#### [Action item]
Look through the data below for the line with "136 30th Street, bathroom" and the line with "Visit-Bucks-County-Advertising-Reviews-Pricing", then output those two and all lines in between, exactly as written.

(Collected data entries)
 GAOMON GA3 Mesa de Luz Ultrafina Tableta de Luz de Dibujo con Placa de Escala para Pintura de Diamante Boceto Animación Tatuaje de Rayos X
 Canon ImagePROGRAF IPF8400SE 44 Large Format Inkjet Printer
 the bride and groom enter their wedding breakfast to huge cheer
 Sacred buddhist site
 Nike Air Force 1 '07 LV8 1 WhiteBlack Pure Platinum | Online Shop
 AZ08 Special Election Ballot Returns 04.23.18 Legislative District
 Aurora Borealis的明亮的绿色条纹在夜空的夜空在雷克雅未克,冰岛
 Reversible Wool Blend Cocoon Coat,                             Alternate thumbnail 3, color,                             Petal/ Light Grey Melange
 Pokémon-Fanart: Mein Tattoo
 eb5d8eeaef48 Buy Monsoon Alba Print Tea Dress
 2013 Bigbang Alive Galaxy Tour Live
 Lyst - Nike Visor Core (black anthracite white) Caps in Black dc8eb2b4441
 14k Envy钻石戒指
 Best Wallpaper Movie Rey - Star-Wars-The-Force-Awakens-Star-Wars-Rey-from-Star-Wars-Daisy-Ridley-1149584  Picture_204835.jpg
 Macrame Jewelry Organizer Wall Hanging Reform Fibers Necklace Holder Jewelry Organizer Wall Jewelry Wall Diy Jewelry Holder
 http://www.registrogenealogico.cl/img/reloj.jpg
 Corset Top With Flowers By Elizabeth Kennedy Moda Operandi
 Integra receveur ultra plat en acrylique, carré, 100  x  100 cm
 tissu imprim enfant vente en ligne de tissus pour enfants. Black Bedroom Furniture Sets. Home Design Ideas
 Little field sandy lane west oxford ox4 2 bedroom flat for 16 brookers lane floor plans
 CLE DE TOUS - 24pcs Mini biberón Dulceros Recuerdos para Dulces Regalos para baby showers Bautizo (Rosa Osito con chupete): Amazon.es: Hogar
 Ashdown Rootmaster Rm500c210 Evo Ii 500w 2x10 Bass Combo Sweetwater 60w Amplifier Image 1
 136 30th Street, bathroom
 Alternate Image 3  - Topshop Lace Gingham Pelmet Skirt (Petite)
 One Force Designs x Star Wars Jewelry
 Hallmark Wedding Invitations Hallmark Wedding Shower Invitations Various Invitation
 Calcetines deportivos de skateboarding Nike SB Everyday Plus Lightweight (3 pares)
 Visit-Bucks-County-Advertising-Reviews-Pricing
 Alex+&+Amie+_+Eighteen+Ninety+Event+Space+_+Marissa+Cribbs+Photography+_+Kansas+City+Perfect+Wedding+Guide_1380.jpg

#### [Answer section]
 136 30th Street, bathroom
 Alternate Image 3  - Topshop Lace Gingham Pelmet Skirt (Petite)
 One Force Designs x Star Wars Jewelry
 Hallmark Wedding Invitations Hallmark Wedding Shower Invitations Various Invitation
 Calcetines deportivos de skateboarding Nike SB Everyday Plus Lightweight (3 pares)
 Visit-Bucks-County-Advertising-Reviews-Pricing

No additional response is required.